David: Well, with Sculpture we're a bit awaiting things recently. We are looking how and if we should continue on and in which direction we should go on. Whether we should go on or not and how it all connects with each other. So, we are awaiting how things are going to be.

What are the chances you are looking for?

Uh, not really chances. That is all up to the amount of energy you put into it. Especially the question where we should put our energy into is important. Also the personal things, as we have enough on our hands. And with this we are wondering "should we go on or not". It's mainly a spiritual business: "Does God want to use us as a band or are we the ones who want to go on?" And that's what we are still looking for.

And, Ardi, how do you think about this?

The same. We stand shoulder to shoulder.

Last month you played at the Baroeg for example. That is of course an excellent chance to present the band in a secular club.
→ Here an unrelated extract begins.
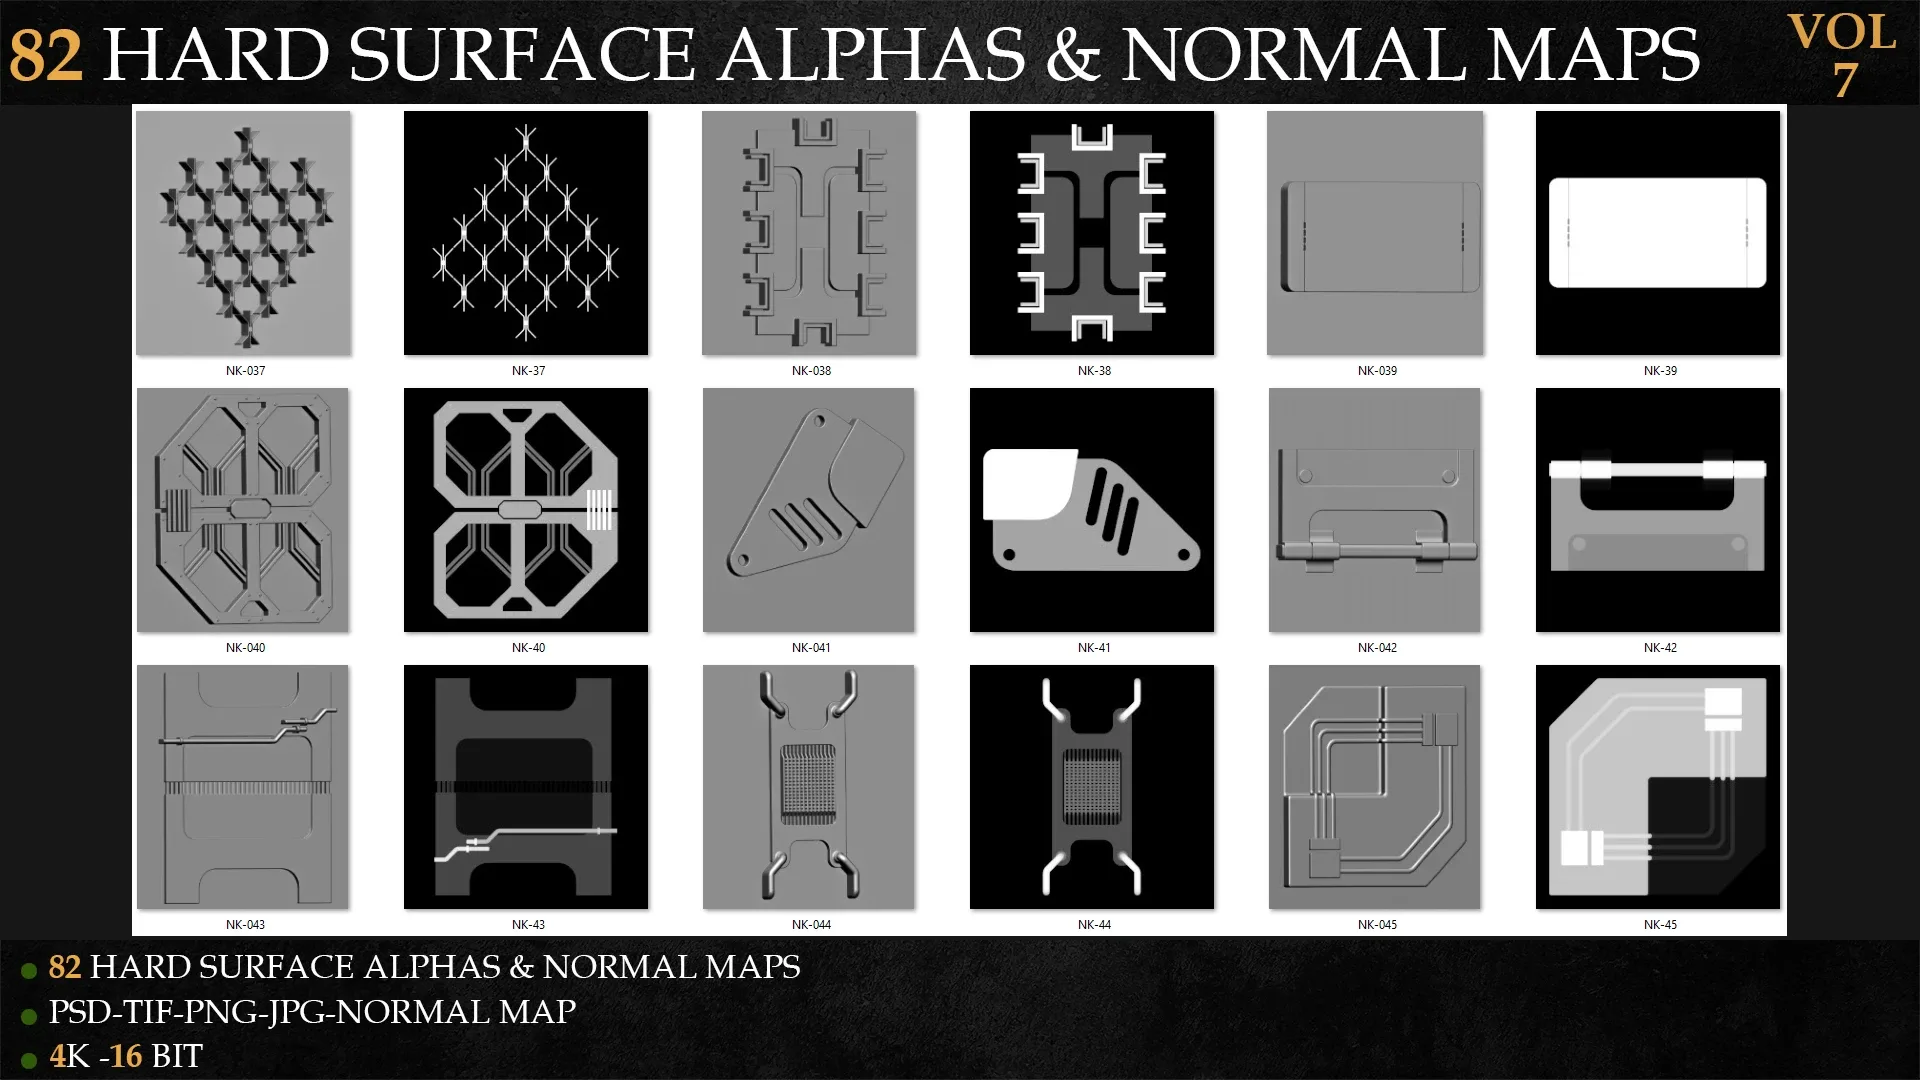 82 HARD SURFACE ALPHAS & NORMAL MAPS-VOL 7

The band's show was very well received. Also the organization was quite satisfied with the band. As you are considering the question whether to continue on or not, is that also something you've keep in mind?

David: Yeah, these are things we are looking at. When doors are opening you'll have to decide whether you'll go in or not. This concert came on our path. We didn't do much about it ourselves so we picked it up. And it's also to look if this is something for us. And for one third it was a confirmation, in a sense. These three concerts (Baroeg, Peacedog Festival and Freakstock, mpo) that we're doing are things for us to look for clarity.

A confirmation of what?

David: A confirmation whether we should go on or not.

Ardi (off-handedly joking): From?

Robert: From whom?

David: From the neighbor!

Ardi: Noooooope!

David (pretending to be angry): Well, if you think you know anything better why don't you do the talking!

Is there some interest from recordcompanies besides Fear Dark?

David: No. No, right, Gerben?

Gerben: No. And that's not what we are busy with.

Isn't it disappointing? You release a CD, try to get some attention.

David: It depends how much you expect from it! You can only get disappointed when you have high expectations. The higher the expectations the bigger the disappointment may be.

The band exists since 1991. You are married and besides that you all have busy jobs. How is it to continue on with the band? You do have certain responsibilities within your marriage and you have your jobs. Is it easy to go on with Sculpture. You are already wondering whether to go on or not.

David: That is not something linked with it directly. It's more like "Does God want to use you". Perhaps God wants us to go to Amsterdam and do some preaching there. Is that what we need to do? And how do you know it? That is the question of course. It is the question how you can be used. It can be at your work too. We all work. We practice as a band only once every week. Only half an hour perhaps and for the rest we are chatting all night (laughs loudly).

You are looking for answers in a spiritual direction...What are the questions you ask yourself?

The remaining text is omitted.